I ordered one because I wanted to try their planting guide. The one I hand write I can barely read, not that my handwriting in their journal will be any better but at least I will start with something legible.

Cost for the journal $15 each; another $7 for shipping available from University of Missouri Extension. 

To make this a fun garden gift, add something personal – handmade jam or whatever your gift specialty is, or pick up seed packets still available at most garden centers. This time of year they are usually on sale. Most seeds are viable for at least 2 years.

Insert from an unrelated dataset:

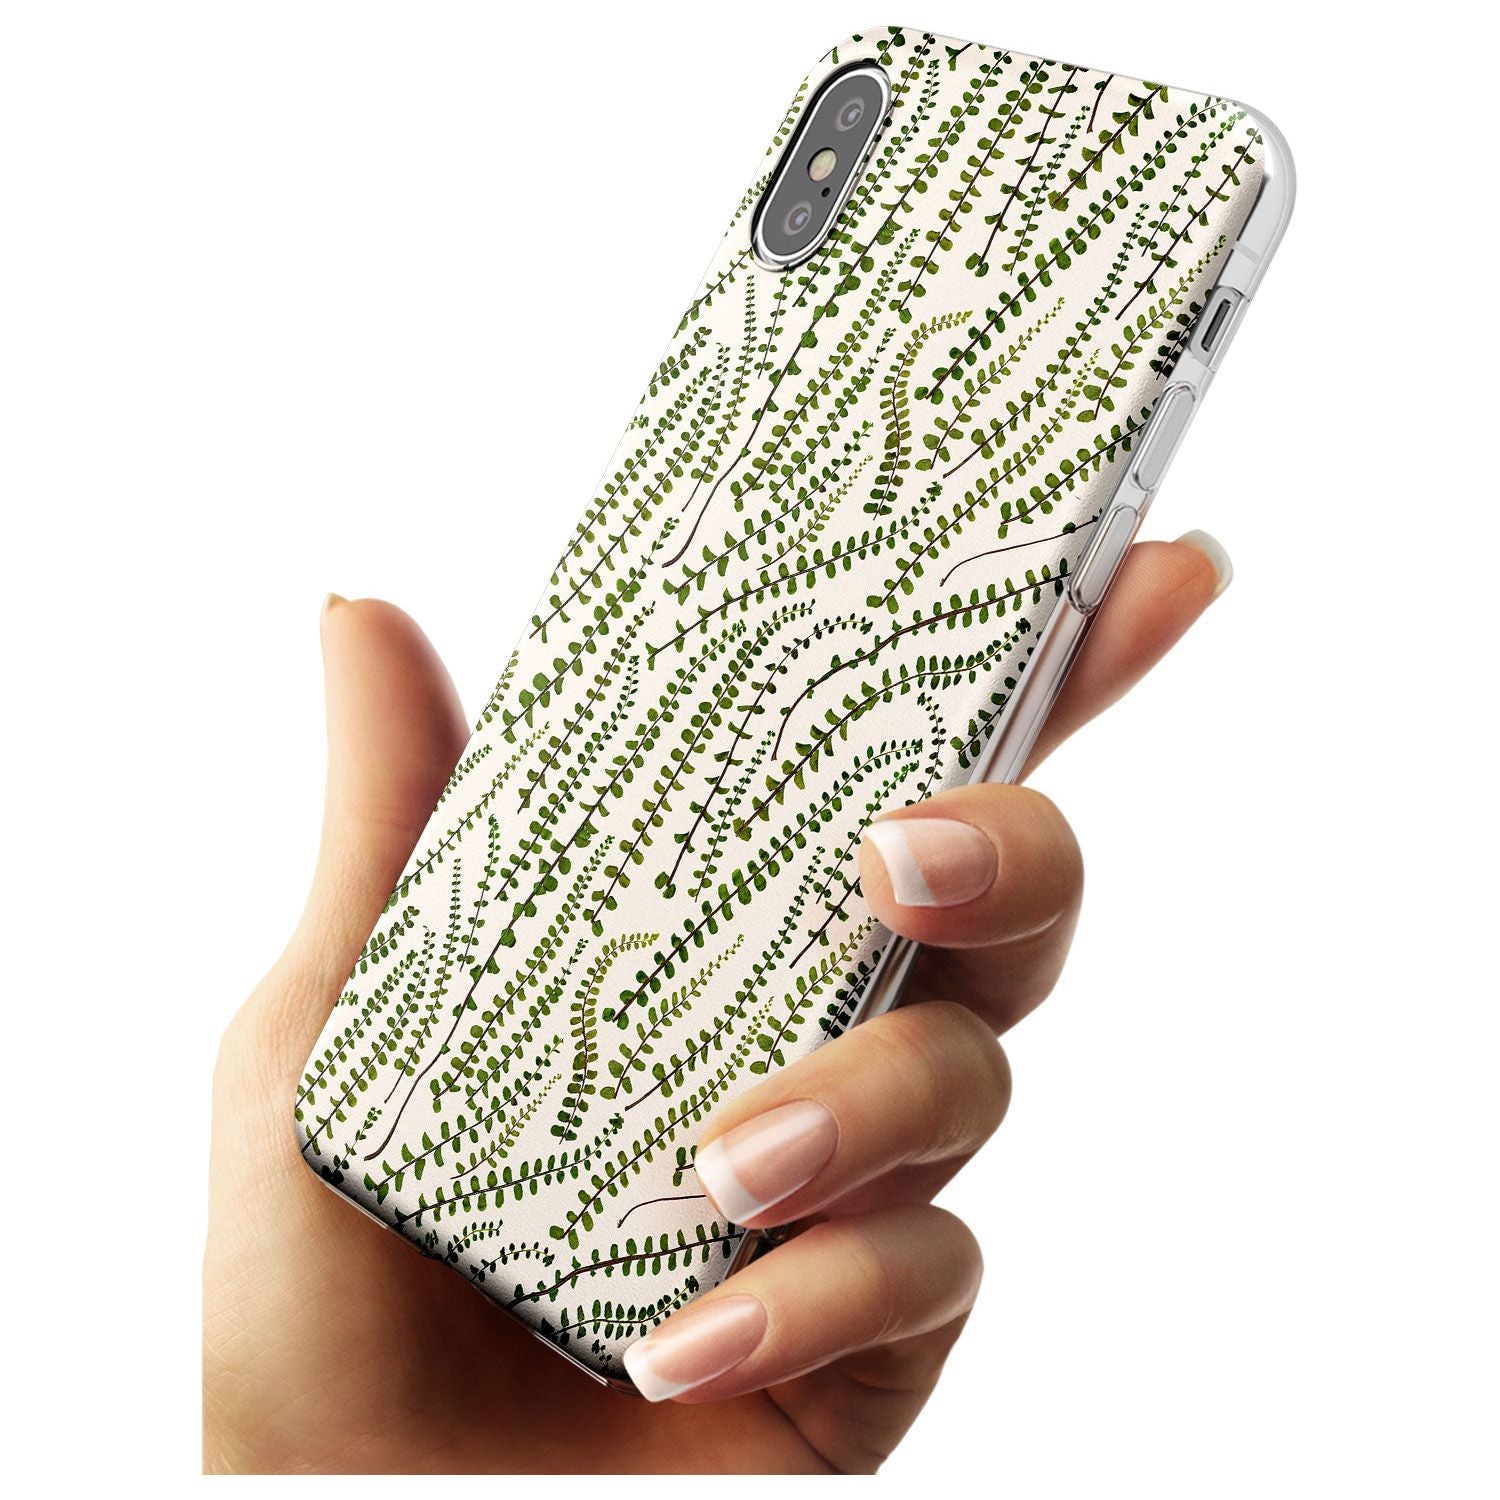 Fern Leaf Pattern Design - Cream Slim TPU Phone Case Warehouse X XS Max XR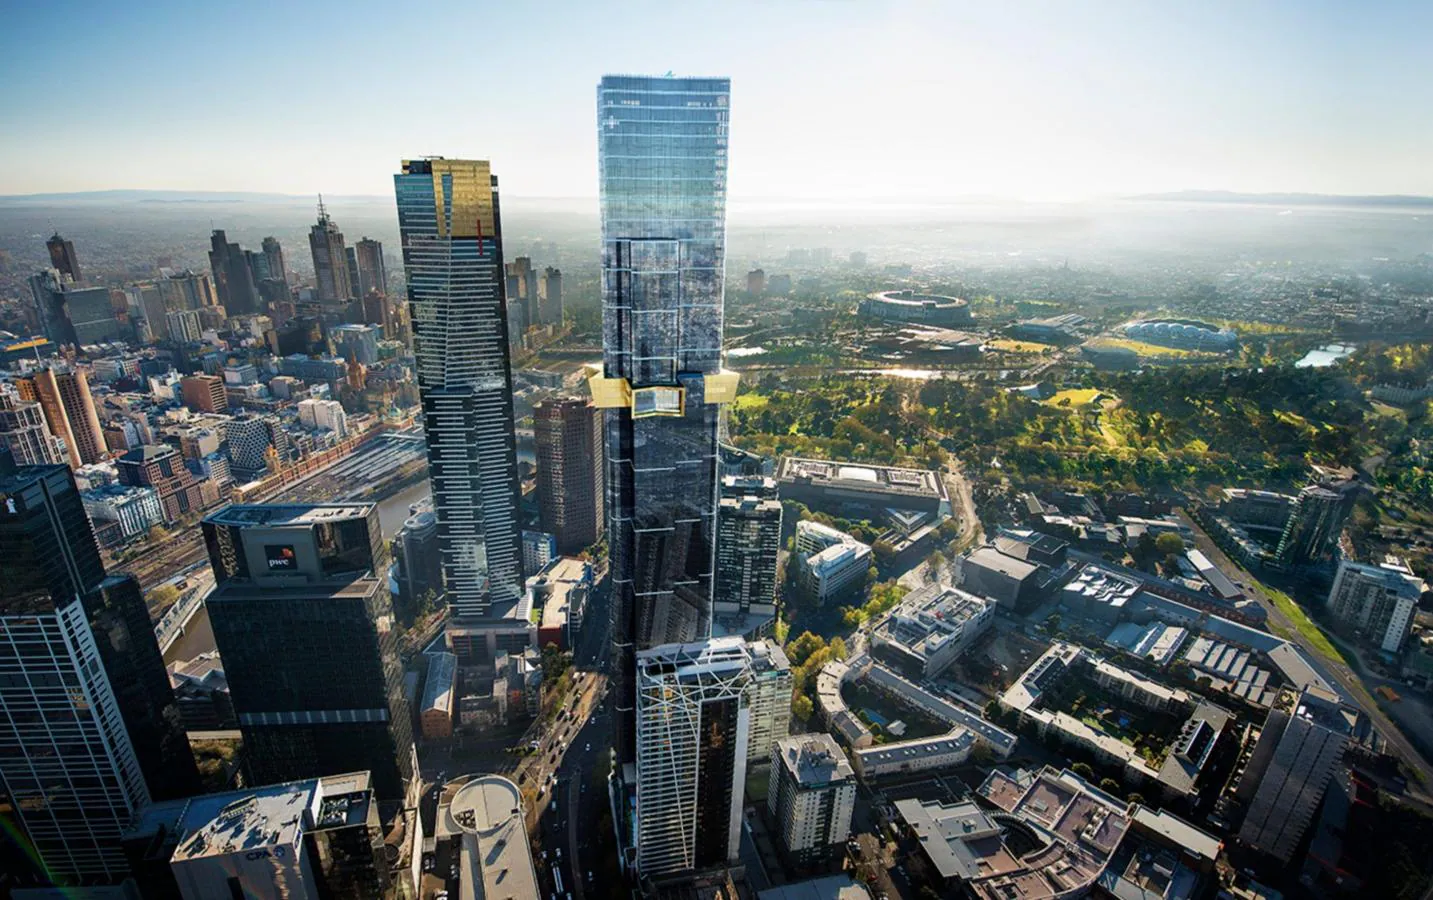 7. Australia 108, Melbourne. Ubicado en el distrito Southbank de Melbourne, el Autralia 108, de 319 metros de altura, es uno de los edificios más espectaculares de la ciudad. El rascacielos cuenta con 100 plantas y más de 1.100 viviendas. Construido por Fender Katsalidis Architects, lo que más llama la atención en cuanto a su diseño exterior es la parte superior de la torre que simboliza la Estrella de la Commonwealth en la bandera australiana.

You can also order a lovely free catalog from Baker Seed Company, Marshfield, Missouri. They specialize in rare and heirloom seeds. Their catalog would make a great companion to this garden journal and calendar.

Plantable Wrapping Paper

Between tissue-filled gift bags to brown paper bag wrapping with jute cord, decorating gifts is almost as much of an art form as the gifts, and well wishes, themselves.

In the US, annual trash fro gift-wrap and shopping bags totals 4 million tons, according to Use Less Stuff. Half of the paper America consumes is used to wrap and decorate consumer products, an approximate 25% increase in household waste from Thanksgiving to New Year's Day.

One solution, plantable wrapping paper. I didn't get around to making any so I bought this package from bloomingbulb.com.

The paper sheets have flower seeds sandwiched in between. After decorating a gift, and the danger of frost is past in your planting area, the wrapping paper can literally be buried to grow flowers, either in a bed or a pot. Instructions included on each gift tag.

 Now that's a gift that keeps on giving!

Time to Save Egg Cartons

It's time to start saving egg cartons again. Although I initially started only saving cardboard ones for seed starting, I learned this past year to appreciate using styrofoam ones under the cardboard ones.

Cardboard egg cartons with sprouting seedlings can be cut up and buried straight into the ground. Styrofoam egg cartons serve as a protective barrier while seeds are sprouting so moisture won't quickly disintegrate the cardboard.

Yes, I am already thinking about what supplies and garden tools I will need for next year.

2015 Missouri Department of Conservation Natural Events Calendar

The 2015 Missouri Department of Conservation's Natural Events Calendar is out for 2015. The 10x14-inch lovely yearly calendar has beautiful nature photography and natural events listings: when hummingbirds migrate, when columbine flowers bloom, when chiggers start biting.

I tend to use mine to mark major gardening and beekeeping chores.

Here's a sneak peek at mid-year:

I have a special garden place to release turtles so I have my eye on this photo on the back for possible framing.

 

Snow Flowers

These succulent perennials go through an amazing transformation, starting as green-looking roses hugging the ground in spring. In summer, Autumn Joy Sedum grow 2-feet tall with large heads of tiny pink flowers that attract a variety of pollinators. In fall, Autumn Joy Sedum"blooms" with seed heads that dry to a burnt red. Greenery dies back, leaving only the large heads.

The striking stalks add winter interest as they dry and get covered in snow. I call them my "snow flowers." Snow protects seed-heads for late winter food for birds. The one drawback to this succulent is that it is also attractive to deer. Once munched, however, Autumn Joy Sedum will grow back again as long as they haven't been pulled completely out of the ground.